Patrick Moskwa
he/him
Patrick Moskwa is interested in the intersection of Craft, Architecture, and Art, using his practice to investigate these connections in relation to his queer body. He is an educator, artist, architect, and creative facilitator.
“My work plays with, and at times subverts, the moments of connection that we share between bodies, human and otherwise. The work interrogates the banal, the glorious, the perverse, and the traumatic, and situates our personal experiences of place and time in conversation with each other's. I like to think our memories of a place are embedded in objects and that objects reflect those stories back out to the world.”
“My work questions the concept of a wearable safe space. It sculpts an ordinary athletic cup into a soft, flaccid, delicate, and skin-like object that was once wearable as armour, thus changing our conception of what it means to be protected by wearables. Instead, it points to the male hetero cis normative idea that his balls are his manliness and therefore any suggestion of his preciousness being affected by the ‘new (dangerous) trans agenda’ is somehow challenging his gender as well. The pile is a reference to the ‘boy's’ locker room and a pile of flesh that tantalizes and charges that space.”
How does your work relate to the theme Adorned Serenity— How does the work function as a wearable safe space?
To Protect His Precious Goods, Latex, 9inches, x 4 1/2inches x 2inches (when full), 2023
“This piece alludes to the concept of disrupting a hetero-normative safe space, thus making queer safe spaces more atmospheric. Those who challenge our spaces are made vulnerable, and for those of us to triumph by its humour. This piece is not meant for me. It is meant for everyone to consider what a safe space means once the function of a wearable is challenged. It turns a function of armour into a piece that is about its original ‘contents’.”
How do you see this piece existing in the world as a wearable safe space?
Or is this piece specific to you?
If someone found this piece and needed an instruction manual to make the safe space work — what’s a quick how to?

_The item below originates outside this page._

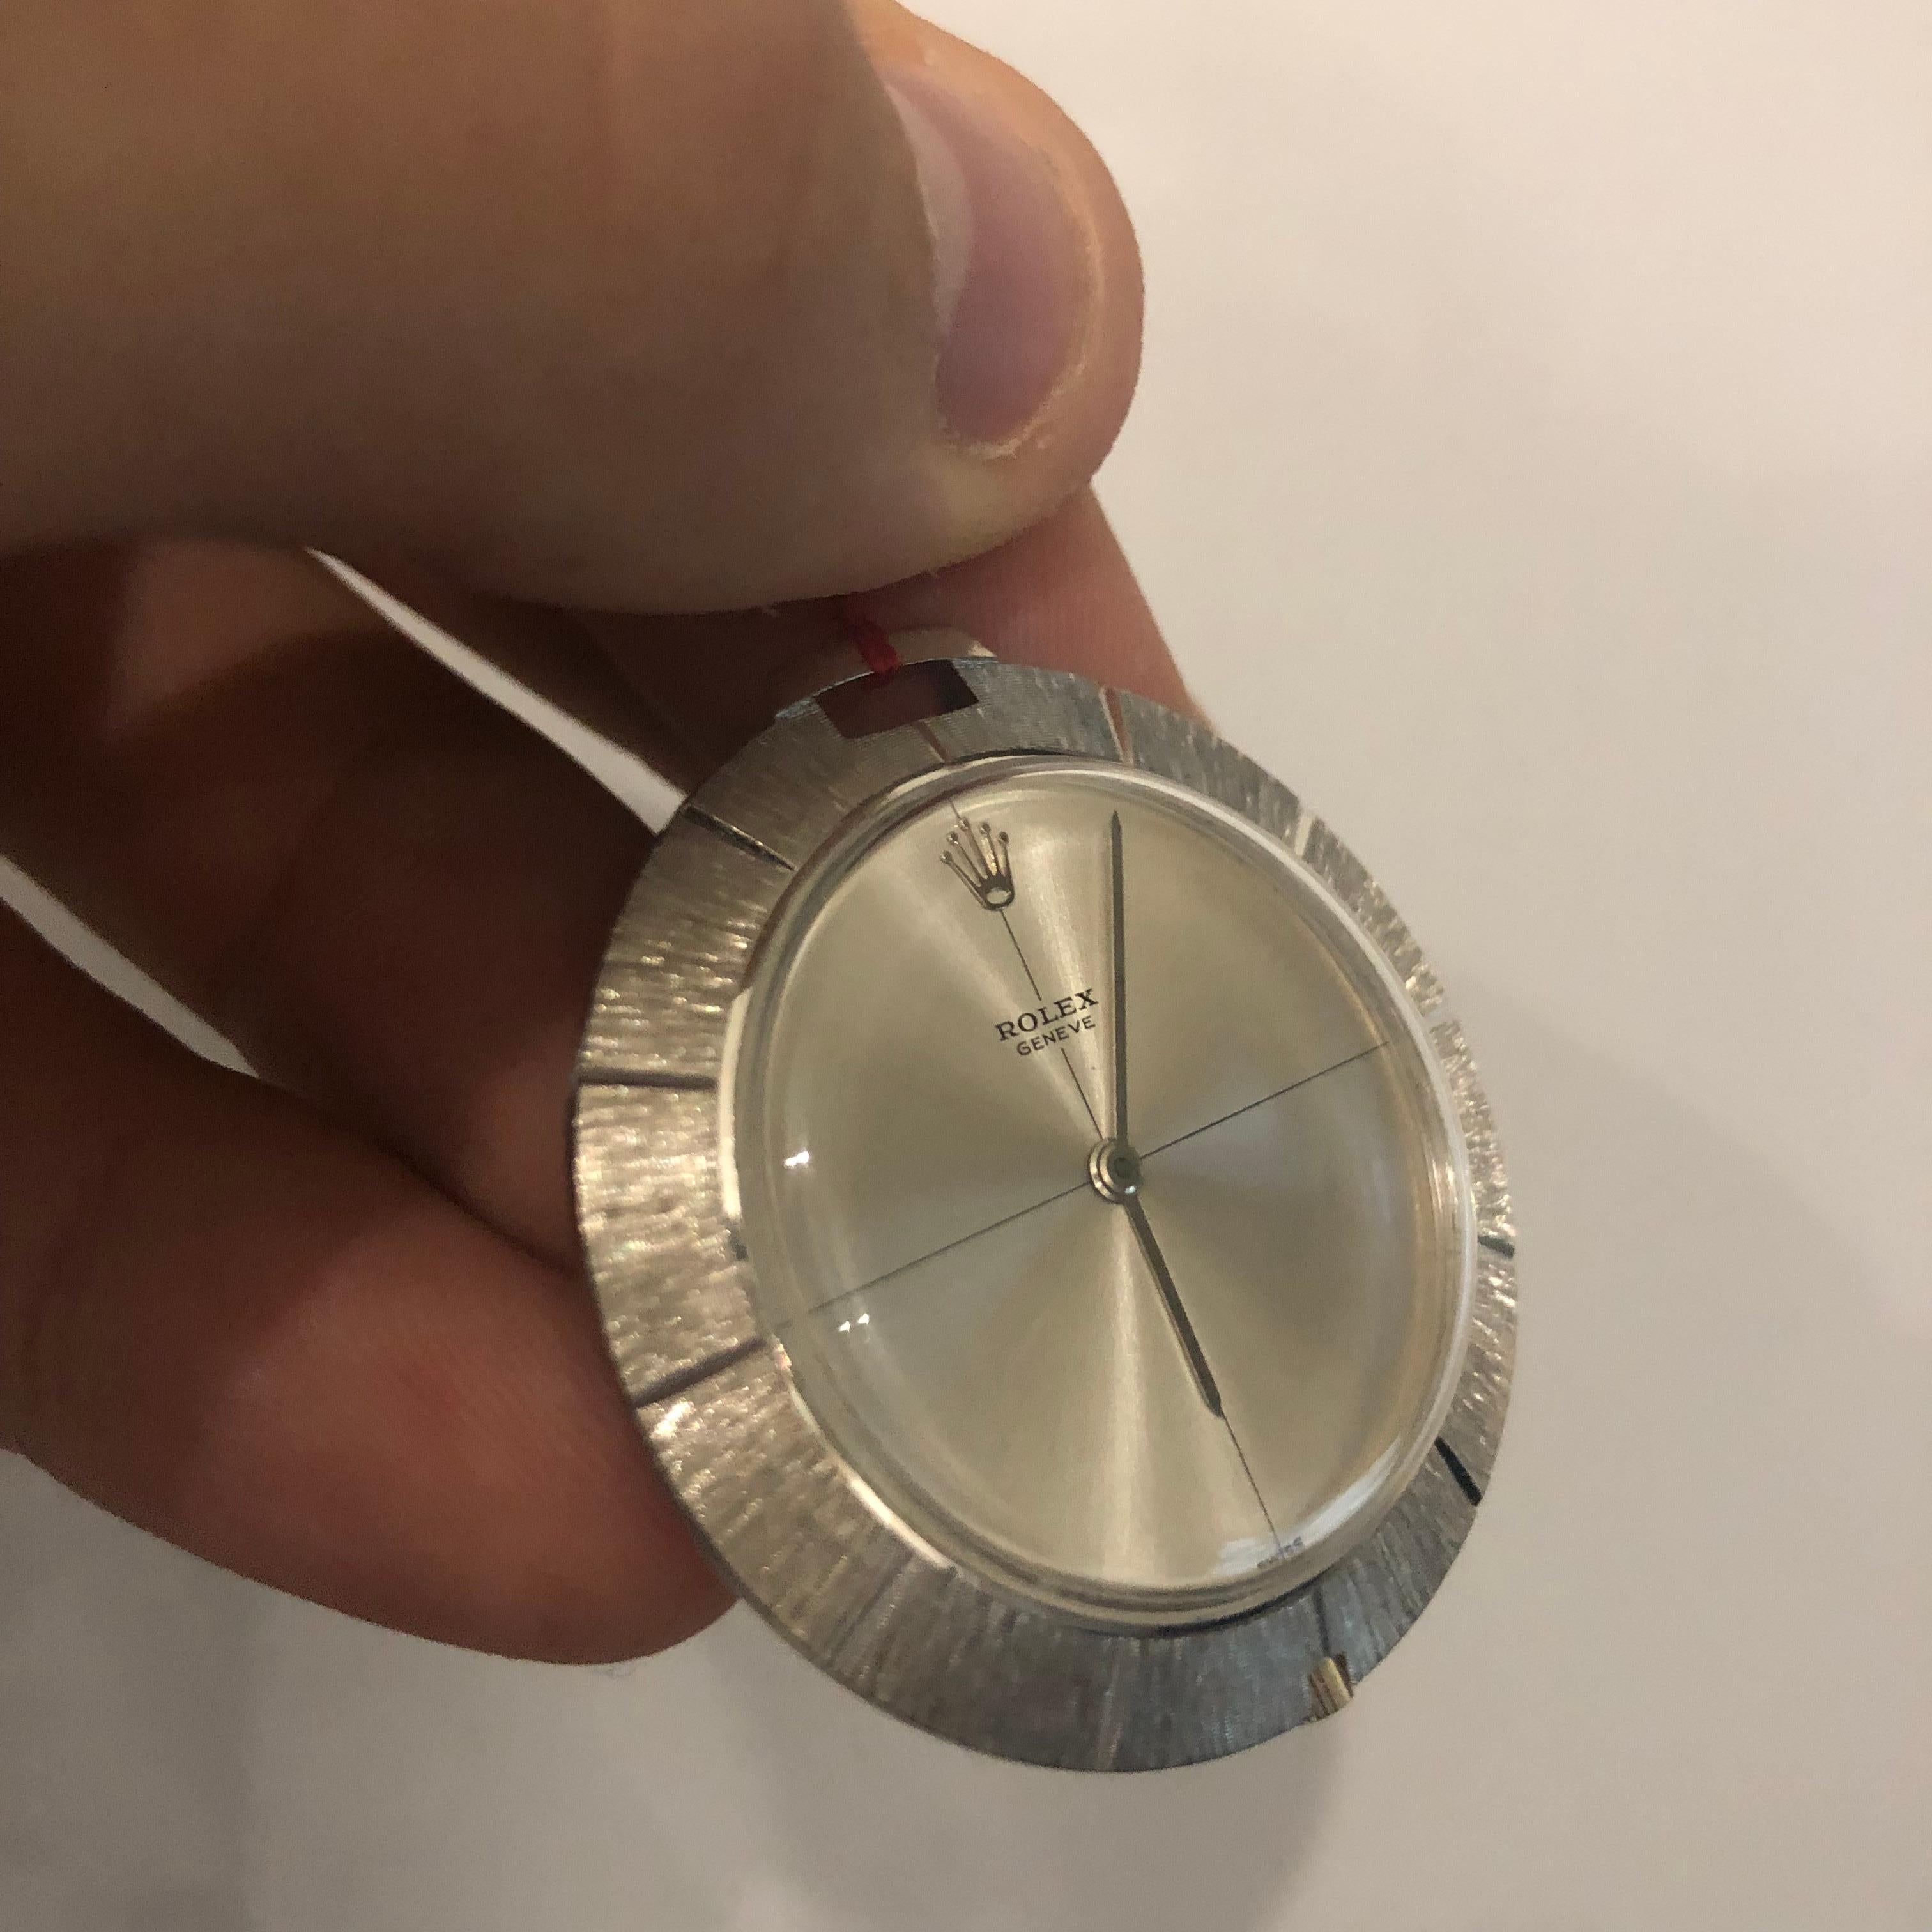 An 18k White Gold Vintage Disk Pendant Watch from 1966, zephyr silver dial, a fixed 18k white gold patterned bezel, an 18k white gold pendent bale where a chain can be attached so the piece can also be worn, plastic glass, manual wind movement, in

“This piece suggests a contradiction to a wearable safe space. Rather than having instructions for use or wear, the pieces question the wearable itself. The function of the original piece is changed into a piece that can no longer hold those notions of protection and safety it once had.”
“Latex is a material I have been working with for over 3 years. It is a material that allows me to pull a ‘skin’ or a membrane from an object, thus charging the new object with potential. Latex and leather function in kink and the queer world as an identifier of cultural subversion. Latex can also cause allergic reactions and threaten potential interaction with the elastic and tactile objects. I like the corporeal quality the latex brings to my work as a queer artist.”